Saturday, June 5, 2010

Case study: What Not To Do, Part 2

The NYT re-vindicates itself as the indispensable source of news and insight with today's piece about the oil well disaster in the Gulf.  Well worth your taking the time (and who really has time, btw...??) to read it all the way through.

Key words and phrases keep popping up, recalling not just this foul-up, but many just like it.  Here, for example (---- inserted to replace the specific with the general):
          " ....a hodgepodge of oversight agencies granted exceptions to rules, allowed risks to accumulate and made a disaster more likely-----, particularly with a mix of different companies operating ----- whose interests were not always in sync."  (thanks to NYT June 5)

Sound familiar?  Of course it does.  Go back less than a year to equally well written thought pieces about the cave-in on Wall Street.  And then, who could forget one of the Bush Greatest Hits: the immediate aftermath of the Iraq war's "mission accomplished."

The scenery changes, but the plot remains the same.  Kind of like a bad relationship in which lovers are mired in a structure of miscommunication that leads from unhappiness to disaster.

What's needed?  Well, let's start with admission of error.  Yes, we need hearings and all the rigamarole which come with the territory.  But, there's a pattern here and it gets to a core issue of whether the government's approach to regulation of key sectors and activities in the economy can remain hostage to the balkanization of oversights and authorities which exactly mirrors the dysfunctional array of Congressional committees and subcommittees with stakes in the matter.  Take the Gulf---the NYT piece makes clear that the Minerals Management Service, EPA, Coast Guard, and Natl Weather Service had jurisdiction or advisory roles over offshore drilling, and also that the oil well lease and management of it was separate from the rig ownership and operations management.  

Lines of responsibility, authority, and accountability were blurred, and, even in the midst of the disaster inferno on the rig, a worker was reprimanded because she signaled for offshore help without authorization.  Hmmm.  Sounds like a Harvard Business School case study.  Hey !  It WAS an HBS case study----in fact, for two years, we had dozens and dozens of cases along these lines.  The bottom line:  a lot easier to make a business decision about whether Smucker's should have introduced a wide-mouthed ketchup bottle than to figure out the organizational structure and HR issues in a mismanaged company like General Motors.

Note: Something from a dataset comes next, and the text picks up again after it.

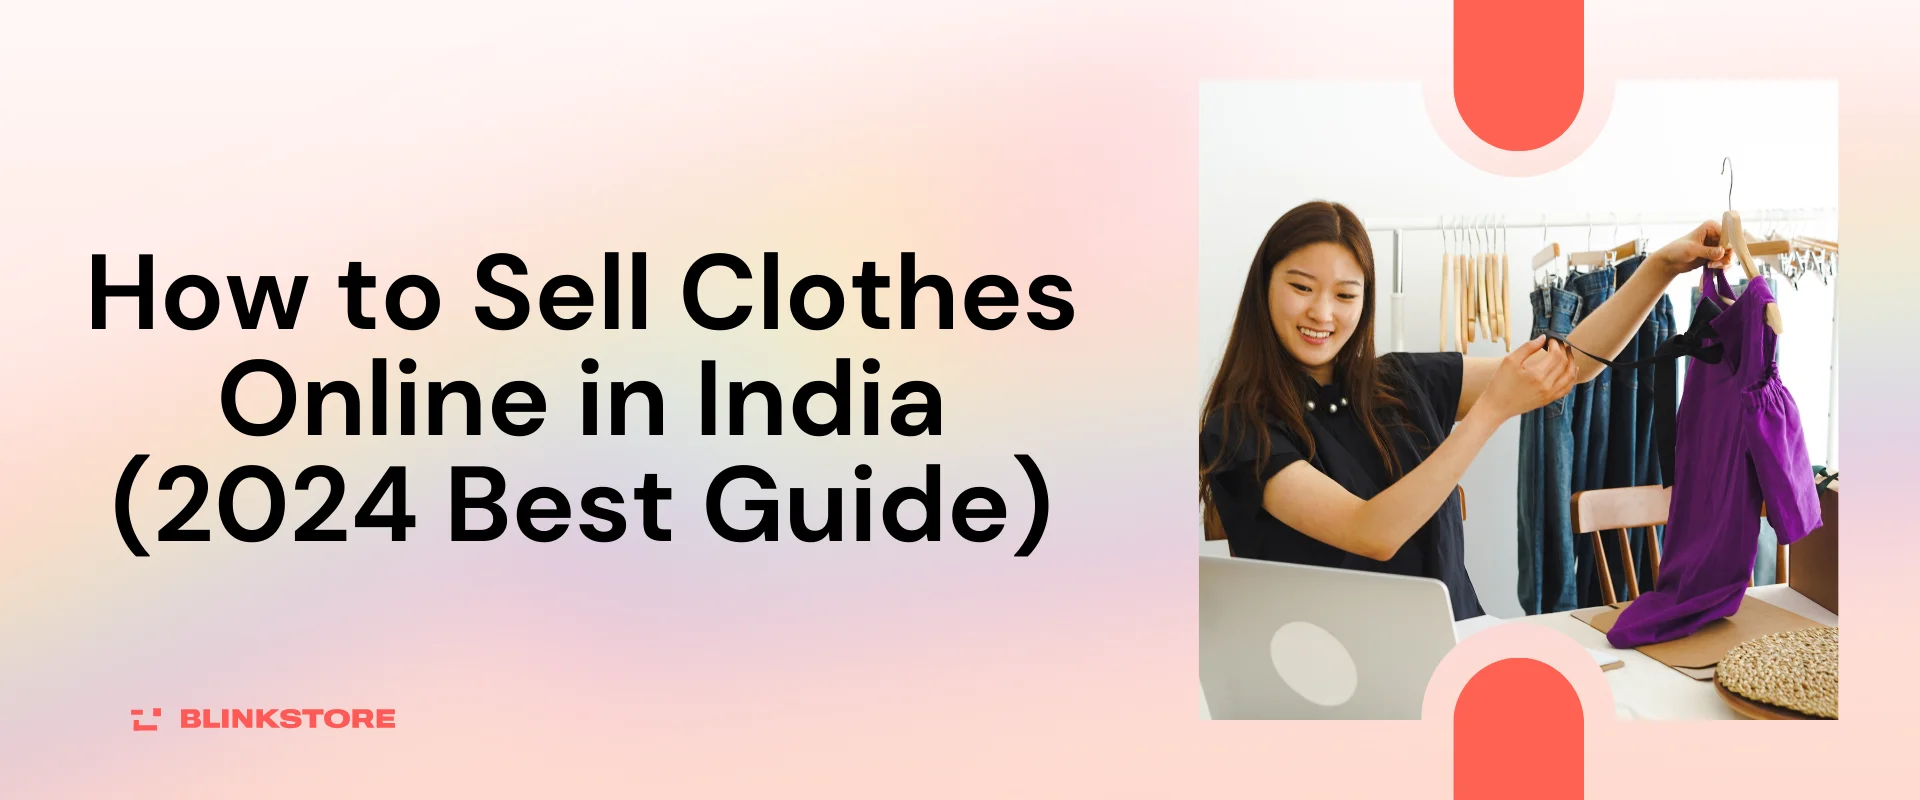 How to Sell Clothes Online in India (2024 Best Guide)

On a public policy level, we have 21st century technologies and complexities overseen by a government stuck somewhere back in the 1970's (or earlier).

BobOnARoll has posted views about why Barack needs more businesspeople around him....and he does.  Business is still the #2 segment of the economy after consumer spending, and in three of the most critical areas tackled by the Obamites to date----the financial catastrophe, health care, and now this---one has no sense that business people had a leadership role in decision-making or management.  (Geithner and Summers are not businessmen, BTW.)

Businesses need appropriate regulation.  OK.  But there's a vast talent pool of Americans with experience and insight that could help lead the way forward, past crisis management and toward a sounder, leaner bureaucracy.  Reorganization is not sexy but could in fact be one of the critical issues of our time.